Not very many people realize that there are some services that still run only in us-east-1.

[-]

joelthelion 23 minutes ago

Call it the aws holiday. Most other companies will be down anyway. It's very likely that your comp can afford to be down for a few hours, too.

[-]

chii 5 minutes ago

imagine if the electricity supplier too that stance.

[-]

ahoka a minute ago

Isn't that basically Texas?

energy123 an hour ago

It happens 2-3x a year during peacetime. Tail events are not homogeneously distributed across time.

[-]

vrc an hour ago

Well technically AWS has never failed in wartime.

mlrtime an hour ago

I don't understand, peacetime?

[-]

mbreese an hour ago

Peacetime = When not actively under a sustained attack by a nation-state actor. The implication being, if you expect there to be a “wartime”, you should also expect AWS cloud outages to be more frequent during a wartime.

[-]

smaudet 15 minutes ago

Don't forget stuff like natural disasters and power failures...or just a very adventurous squirrel.
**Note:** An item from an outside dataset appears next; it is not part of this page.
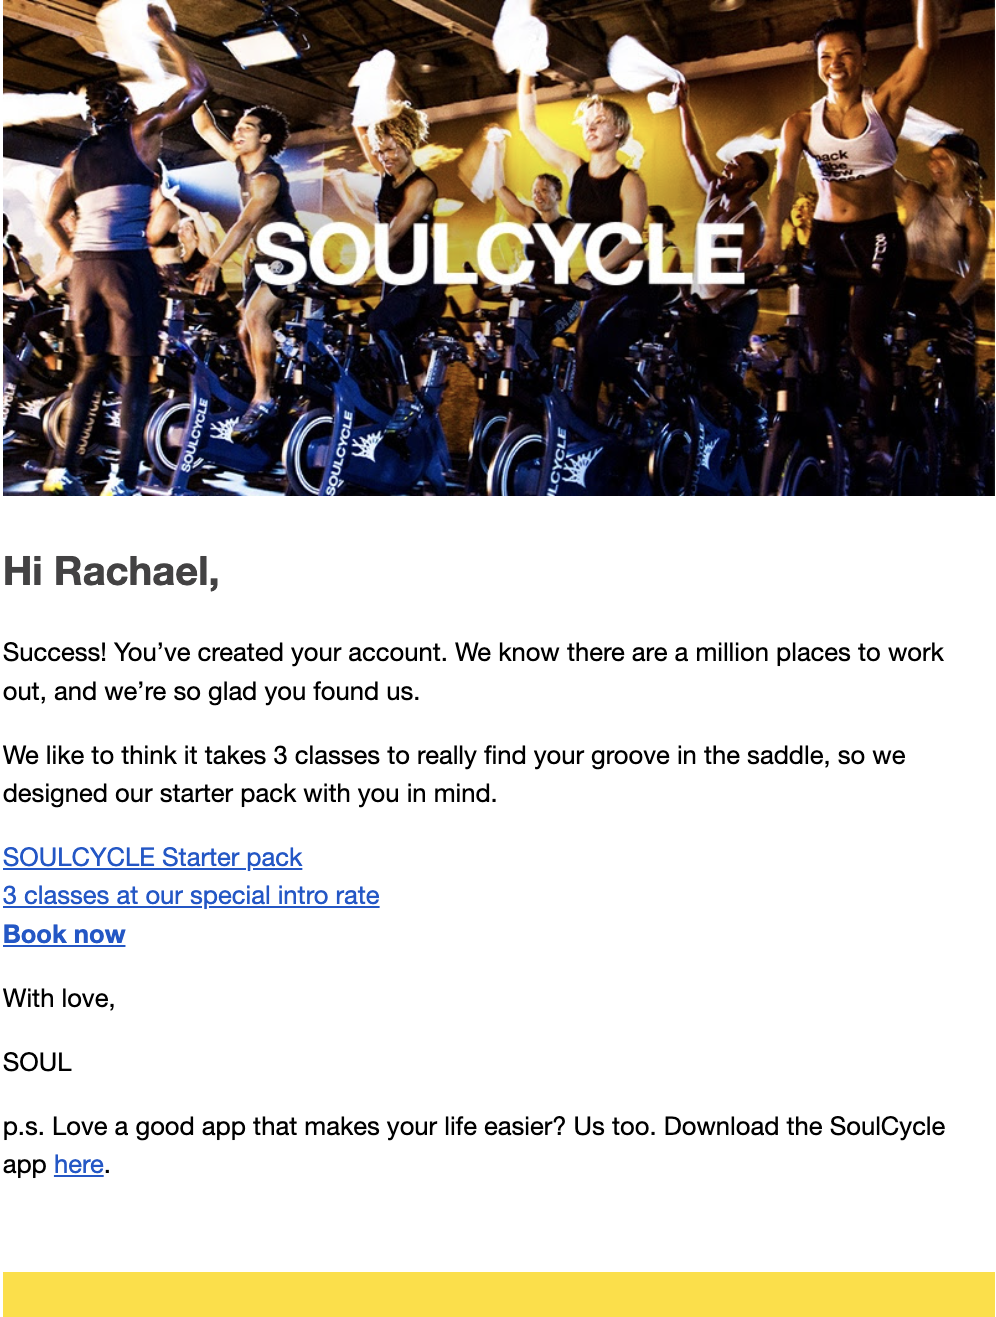 Soulcycle introduction email

AWS (over-)reliance is insane...

mrits an hour ago

It makes a lot more sense if they had a typo of peak

psychoslave 16 minutes ago

This is planning future based on best things in the past. Not completely irrational and if you can't afford plan B, okayish.

But thinking AWS SLA is granted forever, and everyone should put all its eggs in it because "everyone do it" is neither wise not safe. Those who can afford it, and there are many businesses like that out there, should have a plan B. And actually AWS should not necessarily be plan A.
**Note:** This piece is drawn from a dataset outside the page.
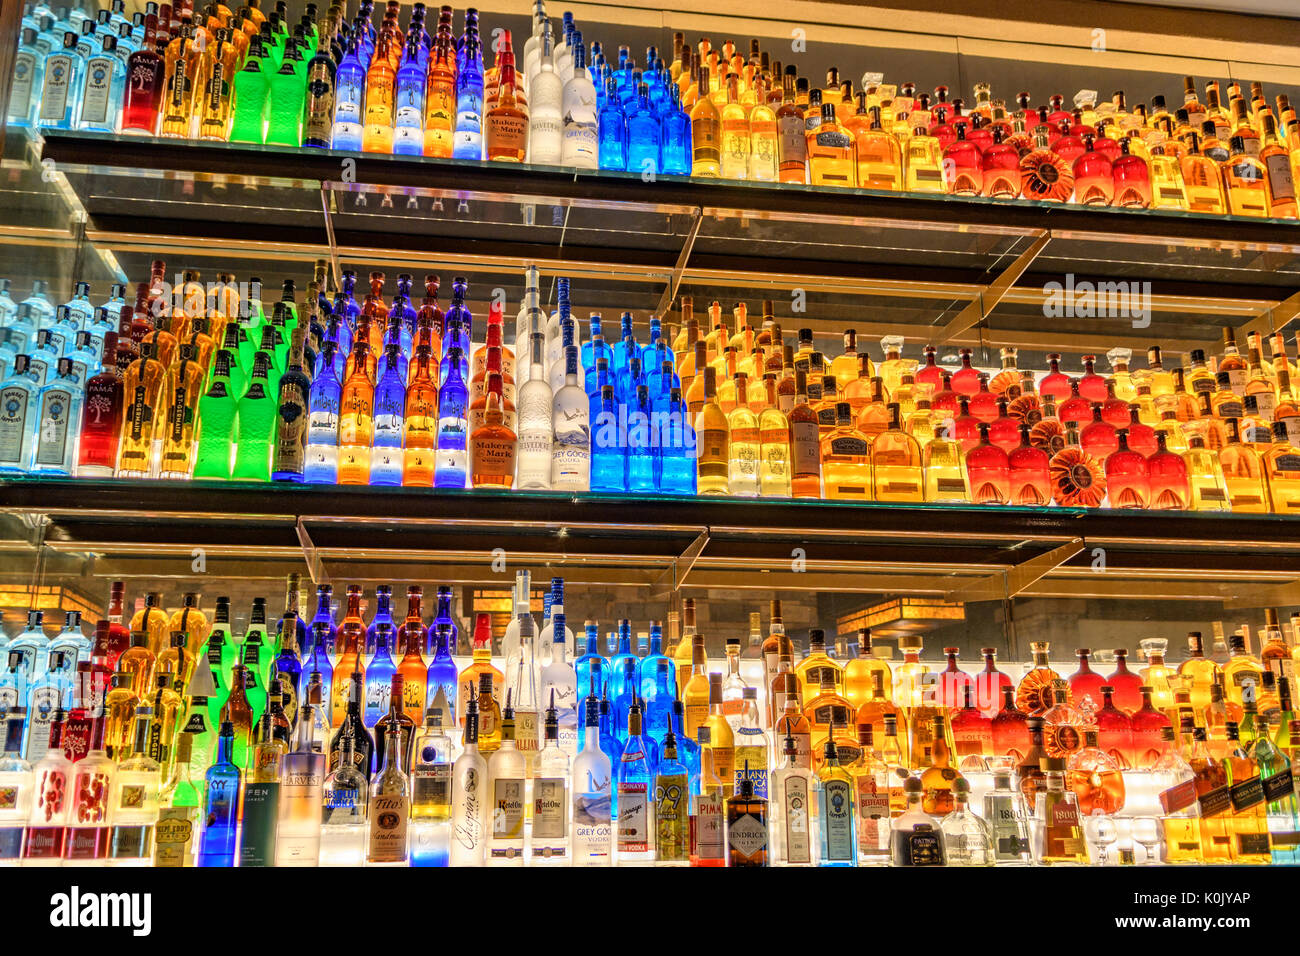 Firebird's Bar and Grill restaurant in Montgomery, Alabama lighted backbar shelving with hundreds of brightly colored liquor bottles on display. Stock Photo

Nothing is forever. Not the Roman empire, not Inca empire, not china dynasties, not USA geological supremacy. That's not a question of if but when. It doesn't need to be through a lot of suffering, but if we don't systematically organise for a humanity which spread well being for everyone in a systematically resilient way, we will make it through more lot of tragic consequences when this or that single point of failure finally falls.

davedx 2 hours ago

> I can almost guarantee that whatever plans you have won’t get you fully operational faster than just waiting for AWS to fix it.

Absurd claim.

Multi-region and multi-cloud are strategies that have existed almost as long as AWS. If your company is in anything finance-adjacent or critical infrastructure then you need to be able to cope with a single region of AWS failing.

[-]

philipallstar 25 minutes ago

> If your company is in anything finance-adjacent or critical infrastructure then you need to be able to cope with a single region of AWS failing

That still fits in with "almost guarantee". It's not as though it's true for everyone, e.g. people who might trigger DR after 10 minutes of downtime, and have it up and running within 30 more minutes.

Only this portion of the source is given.